Na noite de quarta-feira a Câmara evitou um dos maiores escândalos da temporada, ao adiar a votação do projeto do governo, emendado por deputados energúmenos, que autorizava a repatriação de dinheiro ilicitamente depositado por brasileiros em paraísos fiscais do mundo inteiro. O texto inicial já fazia vergonha ao permitir a legalização de bilhões de reais e de dólares remetidos ao exterior sem informações à Receita Federal, decorrentes de sonegação fiscal, evasão de divisas e lavagem de dinheiro. Bastaria aos vigaristas responsáveis pelas remessas retornadas pagar uma taxa não superior a 35% para serem anistiados e não responderem a processo.
Pois o projeto ficou mil vezes pior quando o relator da matéria acrescentou emenda autorizando a repatriação de dinheiro resultante de “caixa dois, descaminho, falsidade ideológica e formação de quadrilha”. Também determinava que as informações não poderiam ser usadas nas esferas criminal, administrativa, tributária e cambial para fins de investigação e processo. Multiplicava a anistia e premiava os ladrões, inclusive os investigados e os já presos da Operação Lava Jato.

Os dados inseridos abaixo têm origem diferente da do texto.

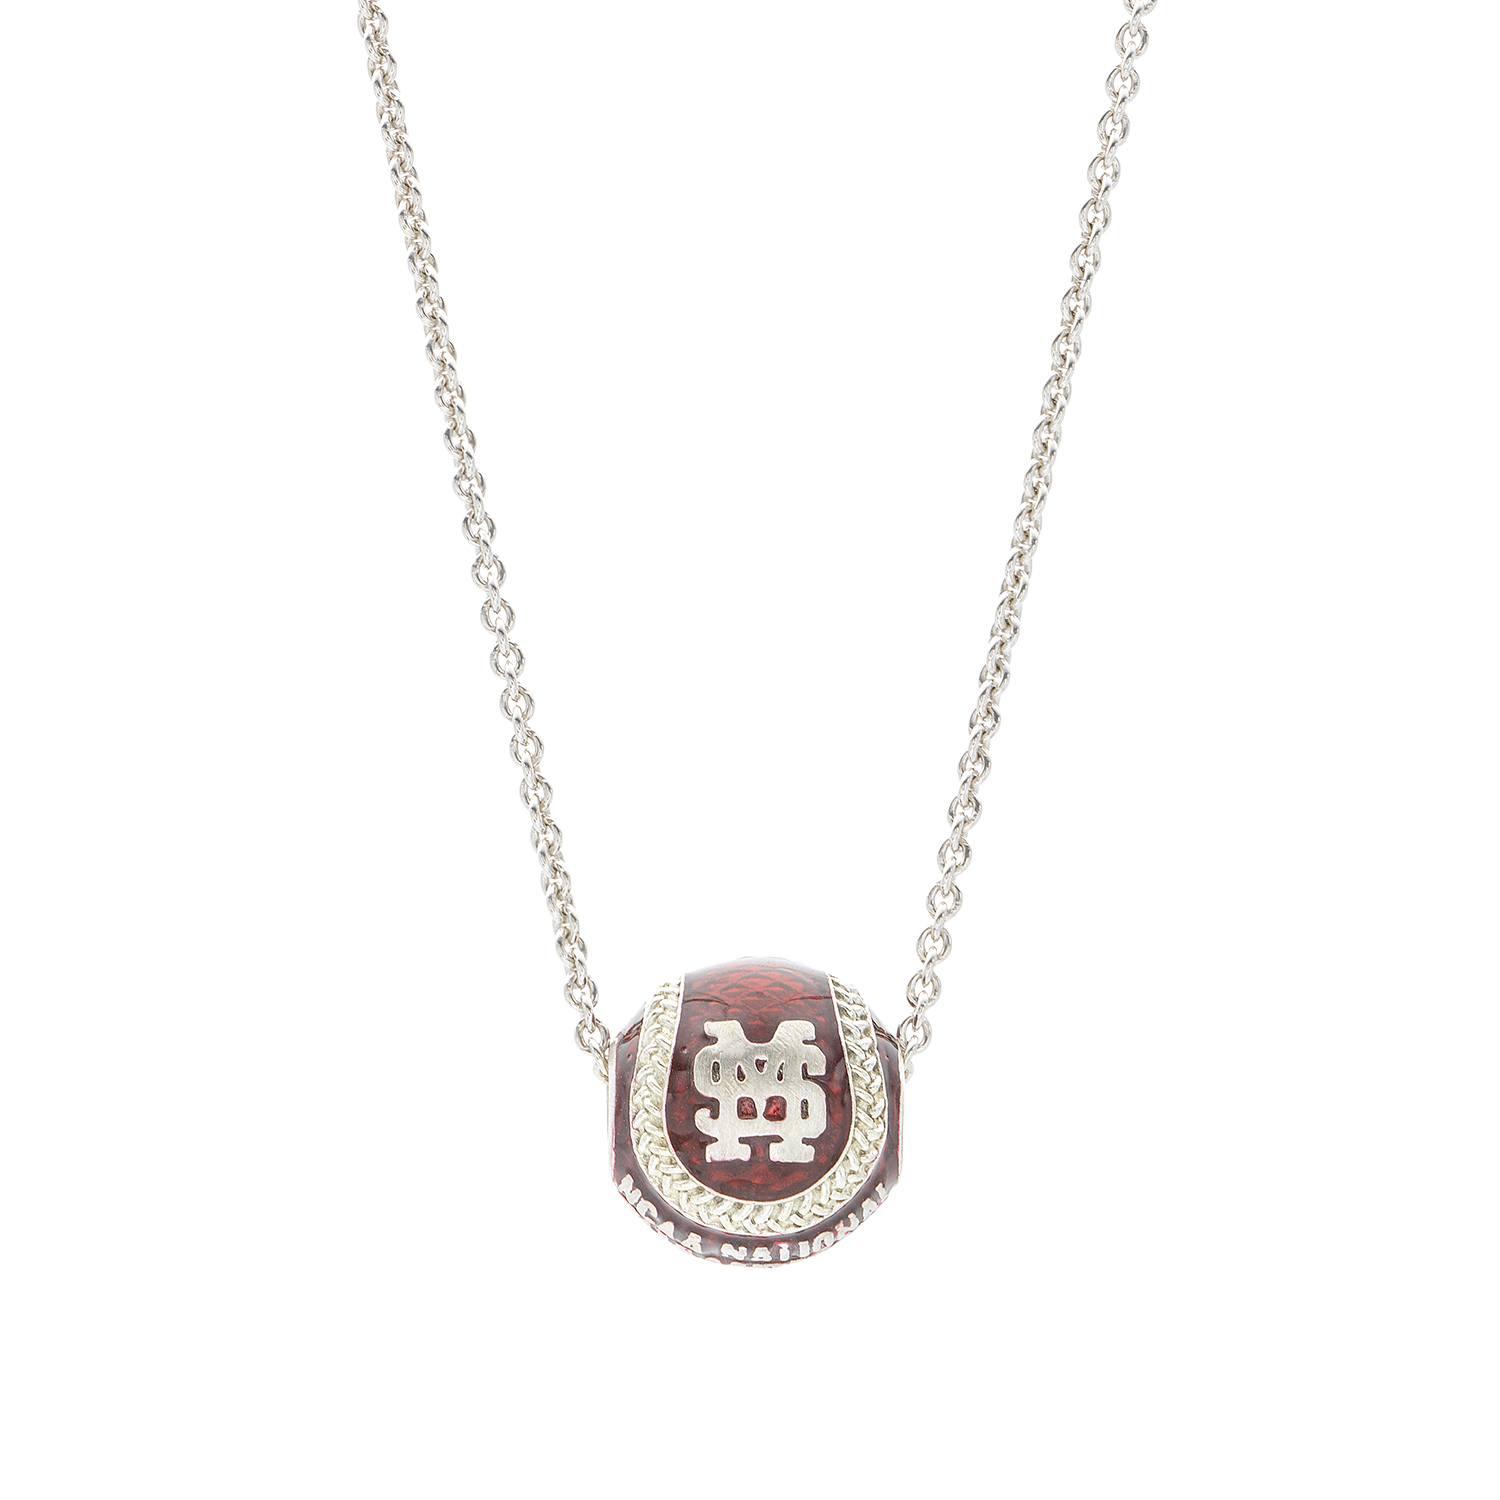 Mississippi State 2021 College World Series Commemorative Baseball Pendant Necklace

Esse horror que o governo encampou e tentou aprovar foi rejeitado por 193 votos contra 175. Até a base aliada forneceu 76 votos para derrotar a proposta.

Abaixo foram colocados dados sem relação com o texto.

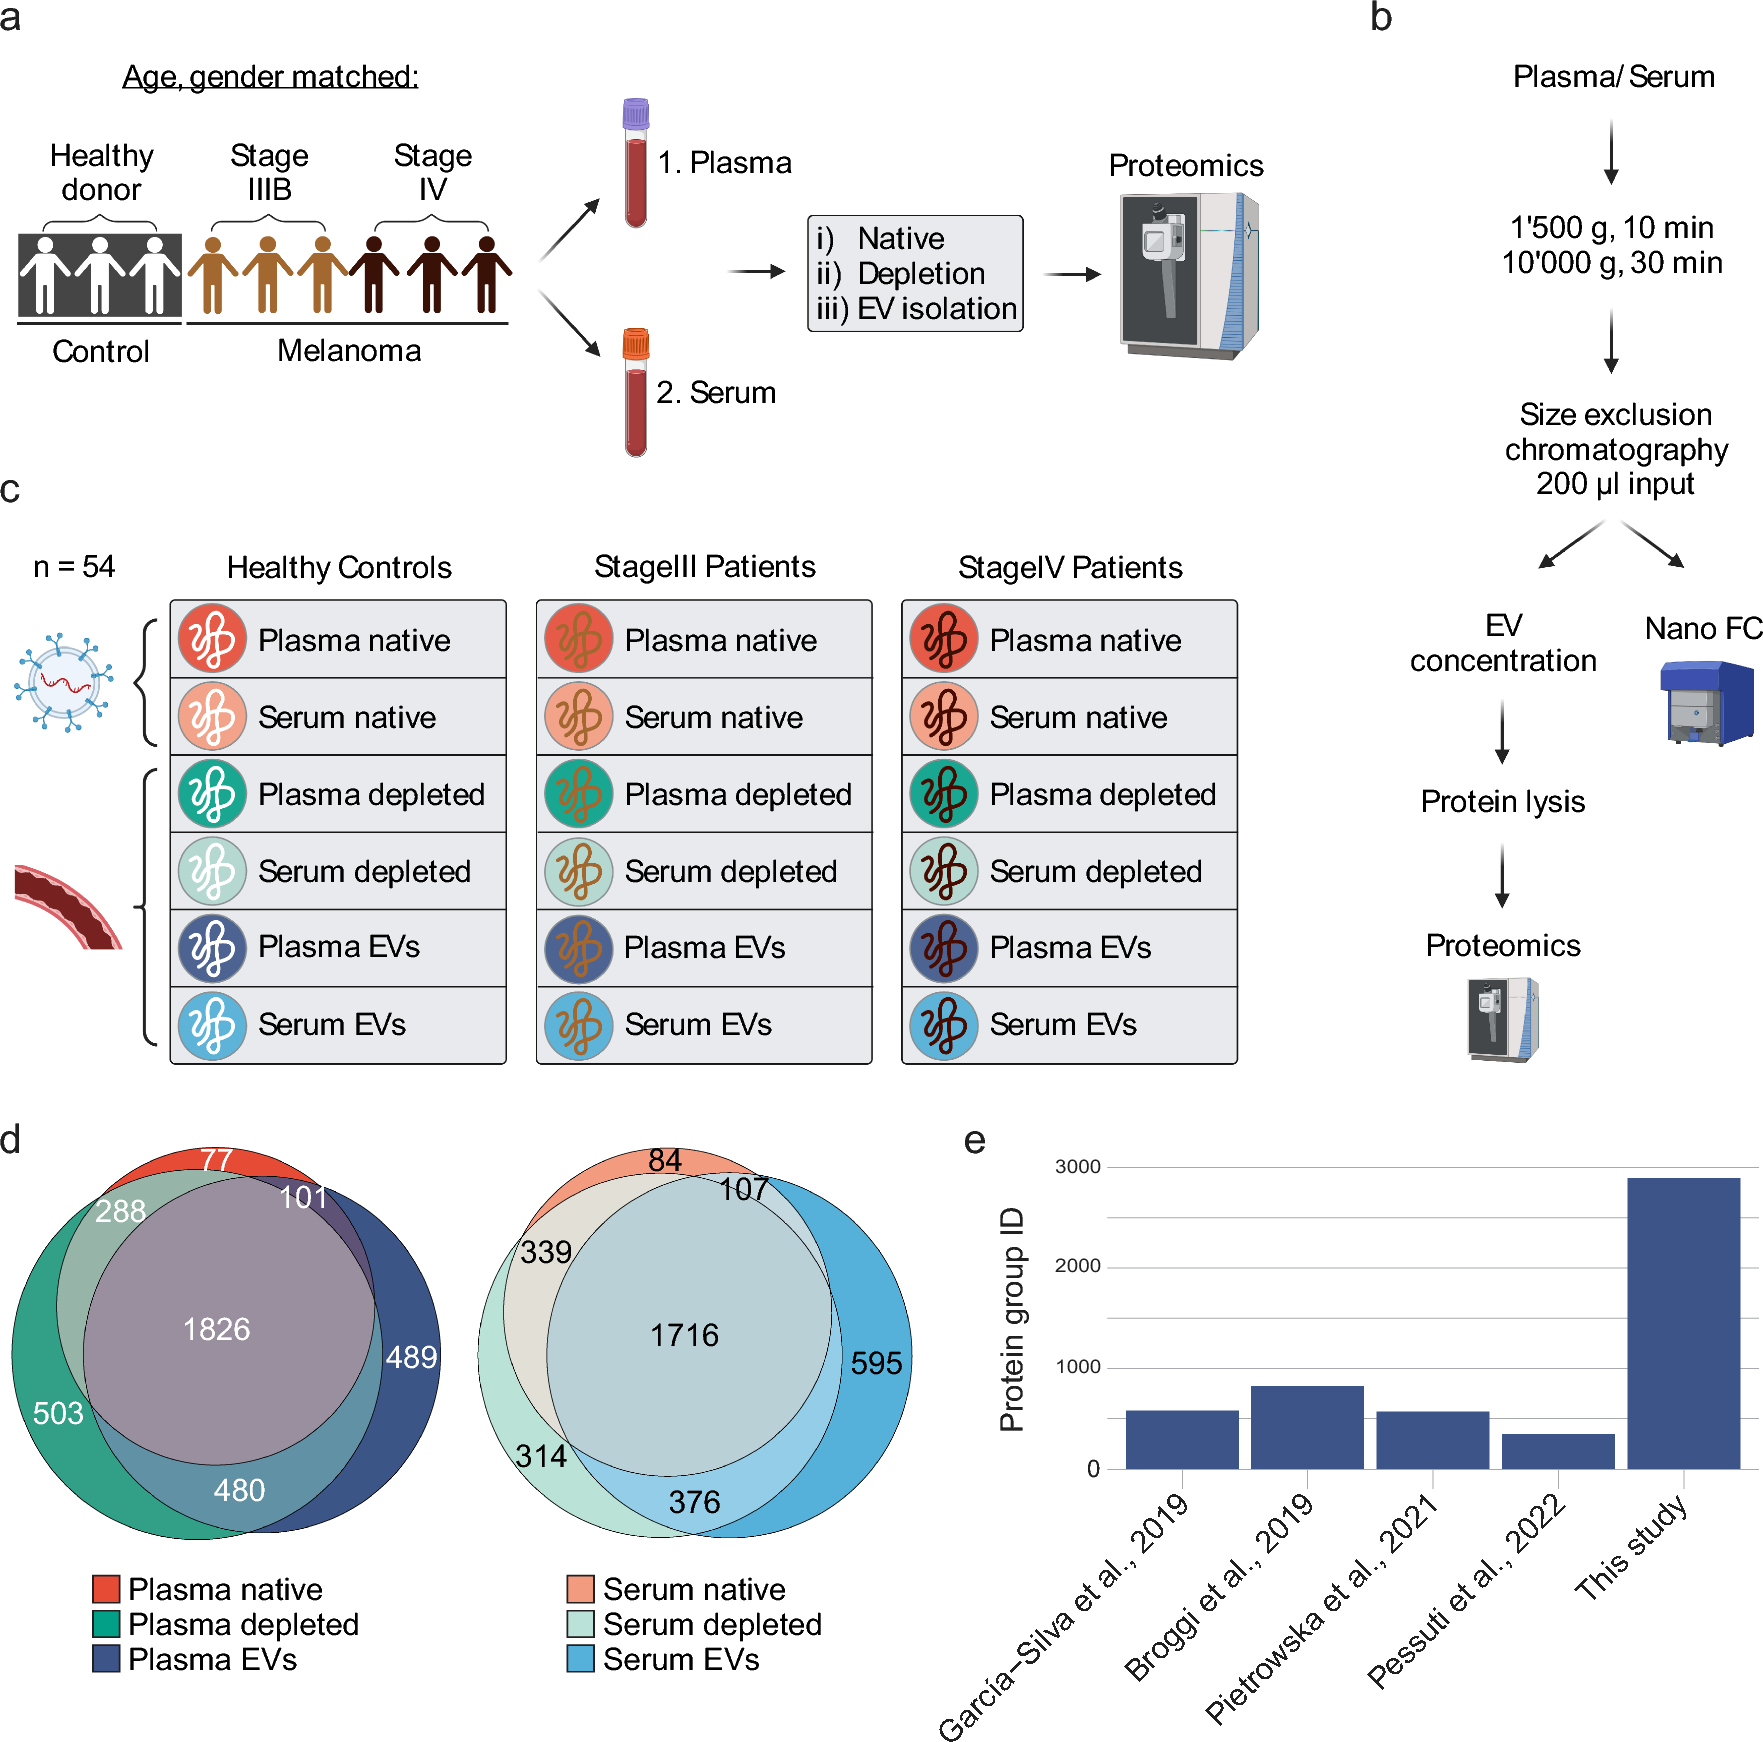 Size-exclusion chromatography combined with DIA-MS enables deep proteome profiling of extracellular vesicles from melanoma plasma and serum

Não está afastada a hipótese de a lama tornar-se lei, pois voltará a ser votada na próxima semana, quando o palácio do Planalto tentará virar a opinião de seus dissidentes.
A gente fica pensando como quase transformaram a Câmara na caverna do Ali Babá. A resposta é simples: dos 175 deputados favoráveis à tramoia, quantos tem dinheiro criminoso depositado lá fora? Mais da metade?

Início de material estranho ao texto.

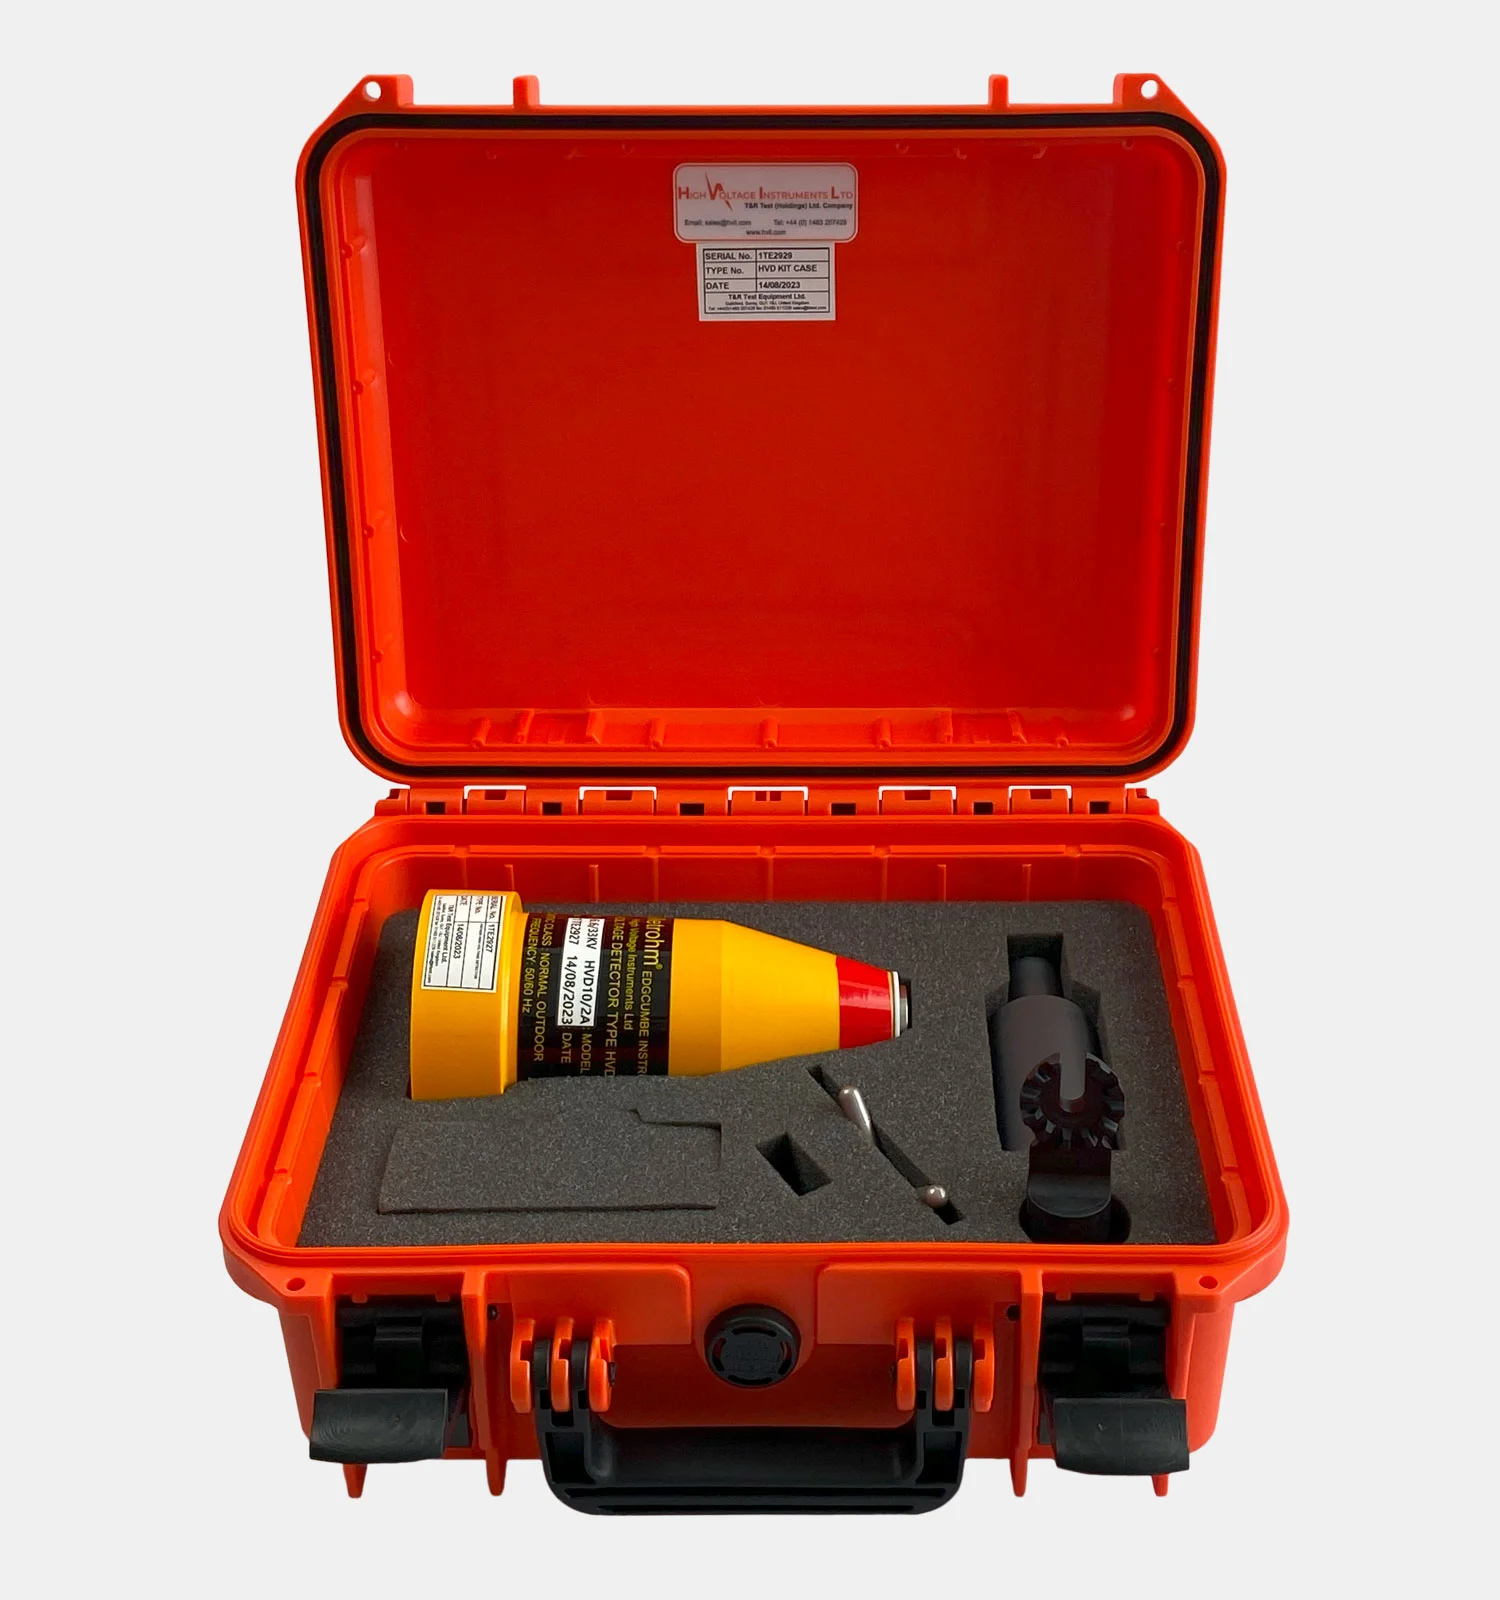 UK Suppliers of HVD10/2A High Voltage Detector Kit

O governo calcula que a repatriação renderá 11 bilhões de reais, quantia capaz de compensar o rombo nas contas públicas. Recorrer a esse lamentável expediente significa desespero. Daqui a pouco, para livrar-se da bancarrota, a equipe econômica colocará à venda para o exterior crianças cujos pais se encontrem desempregados. Ou criará a flagelação preventiva para quantos cidadãos não conseguem pagar impostos, cobrando entrada do espetáculo nos grandes estádios de futebol.
Em suma, ainda que por maioria limitada, a Câmara livrou-se temporariamente de transformar o Brasil no paraíso dos gatunos. Só que a possibilidade continua em aberto.
A MODA PEGOU
Começou com os técnicos de times de futebol. No banco, sempre que comentavam mudanças de estratégia com jogadores e auxiliares, eles cobriam a boca com as mãos. Temiam que os adversários tivessem assessores especializados na leitura labial. Mesmo televisados à distância, os técnicos poderiam ser flagrados ao transmitir instruções táticas.
Pois a moda pegou no Congresso. Põe a mão na boca quem fica nas mesas diretoras, ao falar com o colega do lado. Nos microfones dos plenários o fenômeno já se repete. As câmeras de televisão estão vigilantes e filmam Suas Excelências o tempo todo. Assim, melhor o país não conhecer suas confidências e, com certeza, suas críticas a companheiros. Daqui a pouco as sessões precisarão realizar-se na mais completa escuridão.